Makati1 on Mon, 20th Apr 2015 8:08 pm
Plant, there is little science or tech that is useful for healthy farming. Obviously you don’t know what you are talking about. The last useful ‘improvement’ was contour plowing and crop rotation. Both before your time.
If you call drugging animals with hormones to make them grow faster or bigger is an improvement, you obviously didn’t have a daughter become a woman at age 10 or need antibiotics that no longer work because we have become adjusted to the ones in our food.
And don’t even go into chemical/petrocarbon or GMO farming as that is already collapsing and will totally disappear in the coming years.
You have probably never eaten a steak from a truly ‘free range’ steer or you would know that tech is NOT an improvement, except for the farmer’s bottom line. And even that is disappearing, fast.
steve on Mon, 20th Apr 2015 8:12 pm
Plant we have really screwed up the animal husbandry system….check out Vice on HBO and see how are antibiotics are no longer effective. The overuse of them have created problems that will likely kill millions of humans and more…
Plantagenet on Mon, 20th Apr 2015 9:11 pm
@ Makati
Your claim that the “last useful improvement” to farming was contour plowing and crop rotation is silly. Crop rotation goes back 6000 years and contour plowing at least 3000 years.

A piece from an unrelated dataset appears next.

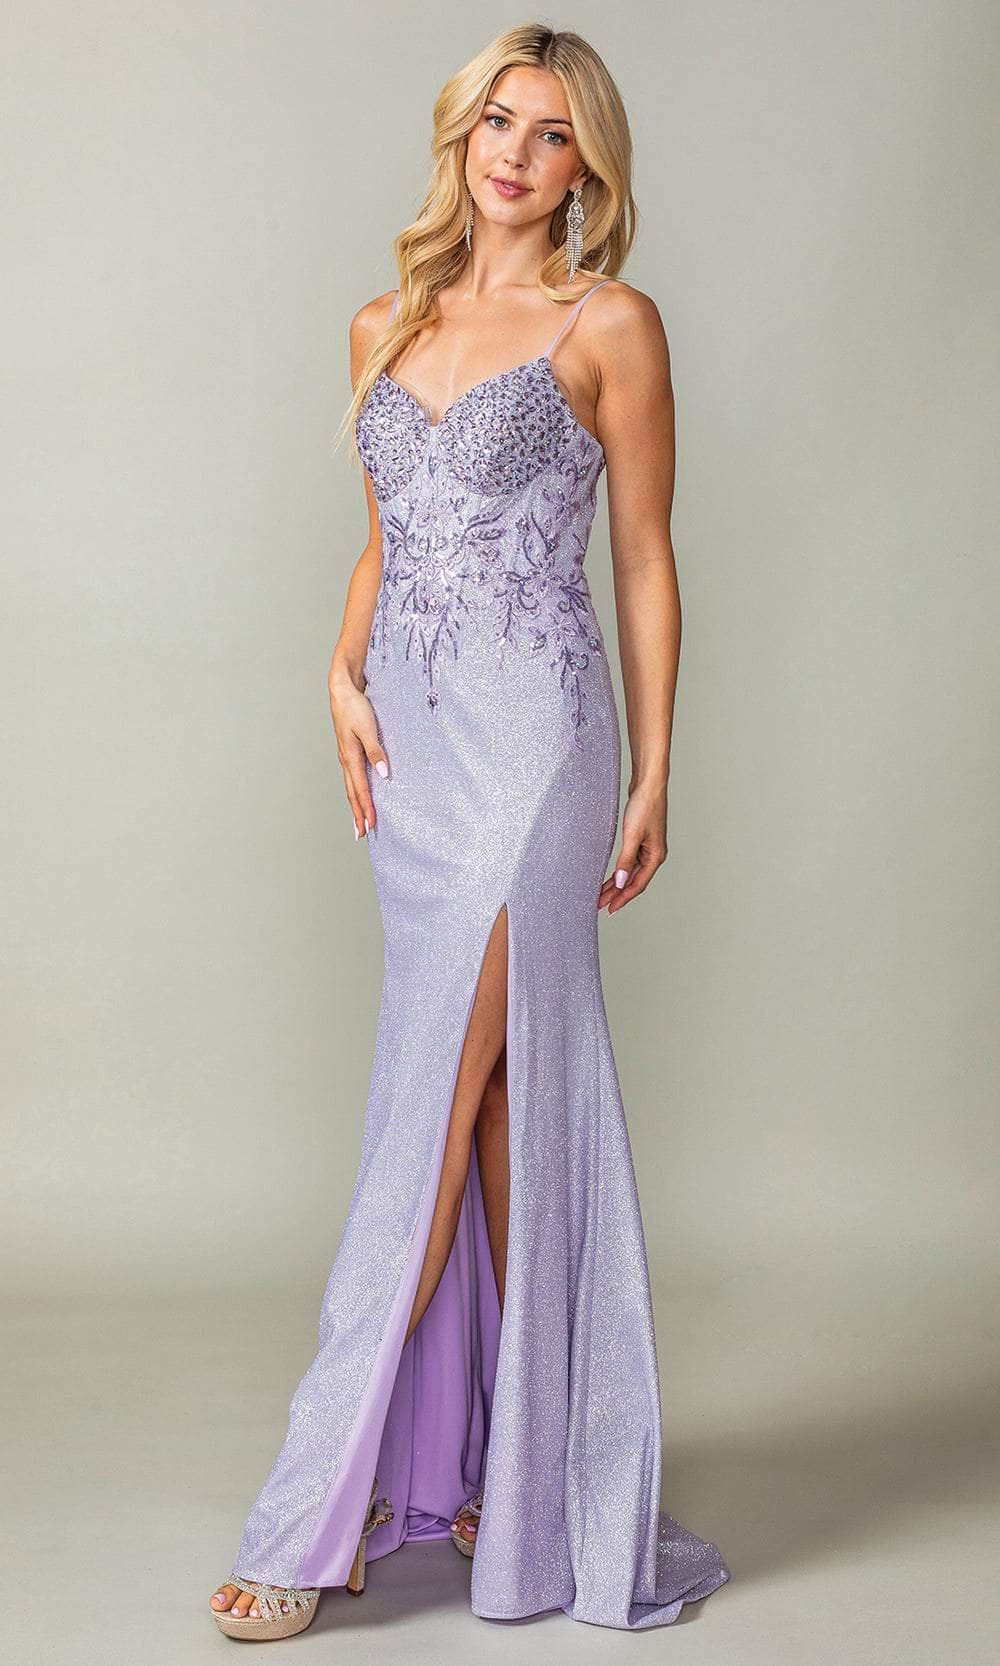 Dancing Queen 4375 - Embellished V-Neck Prom Dress Prom Dresses 
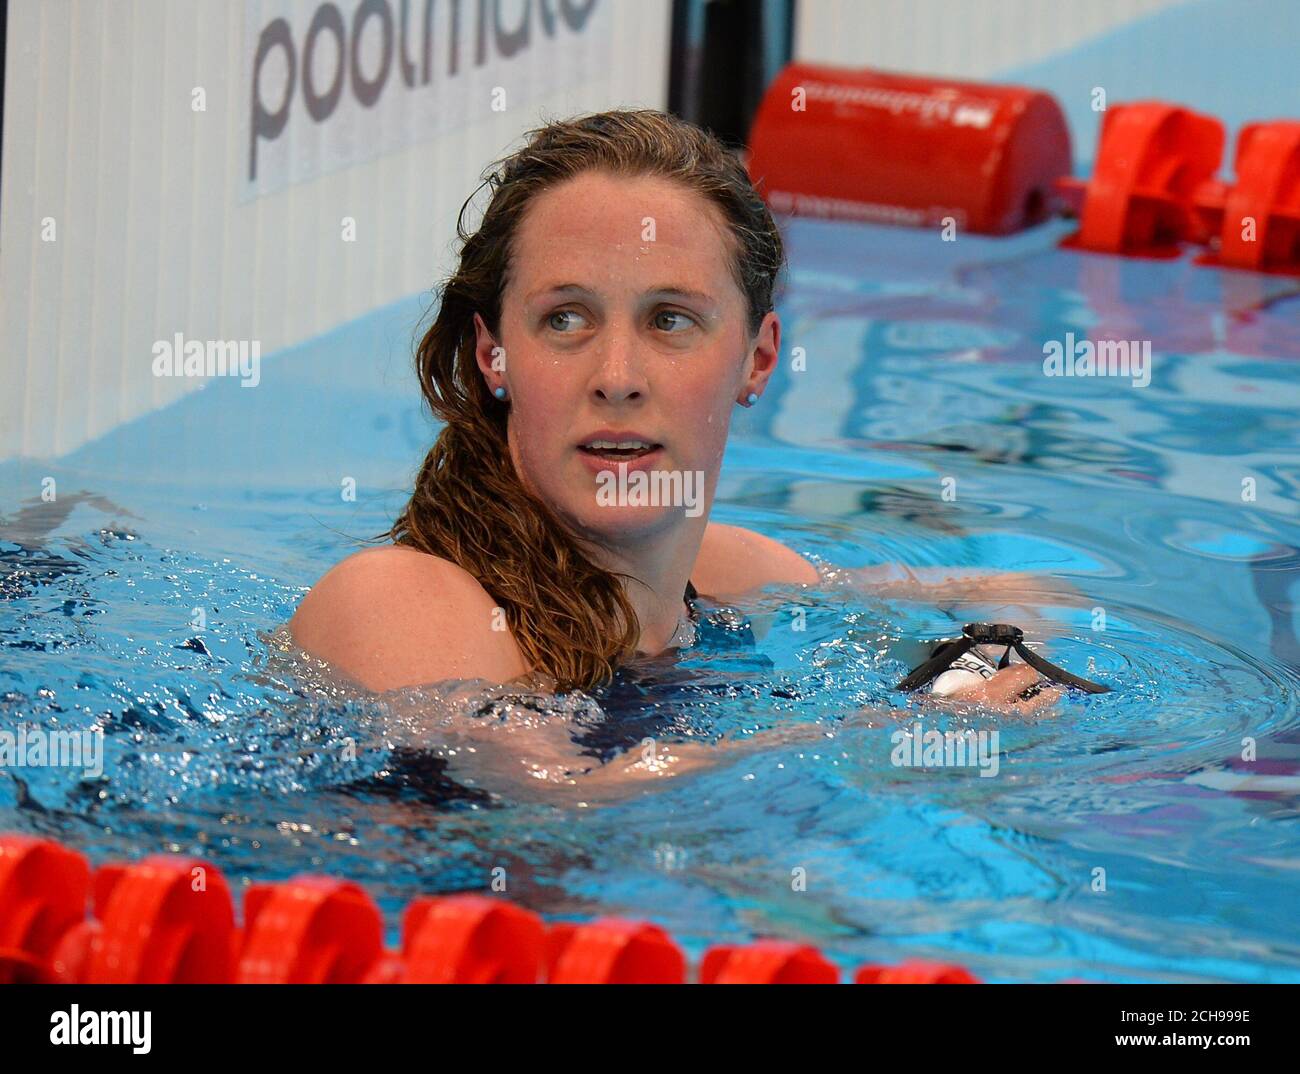 Hannah Miley, en Grande-Bretagne, après avoir terminé sa demi-finale féminine Medley de 200 m pendant le dixième jour des championnats d'athlétisme européens au London Aquatics Centre, à Stratford. Banque D'Images

Its silly enough to want to farm “like grandad did” but if it was up to you people would be limited to plowing with wooden sticks.
Makati1 on Mon, 20th Apr 2015 10:28 pm
Plant, your twisted mind is trying to prove me wrong by stupid comments of no merit. ‘Wooden sticks’ may be all that is available to those few who may survive the coming species bottleneck. Those ‘sticks’ fed the world for centuries and were as sophisticated as the modern steel plows that do the same thing. Better do some research before you open your mind and prove your lack.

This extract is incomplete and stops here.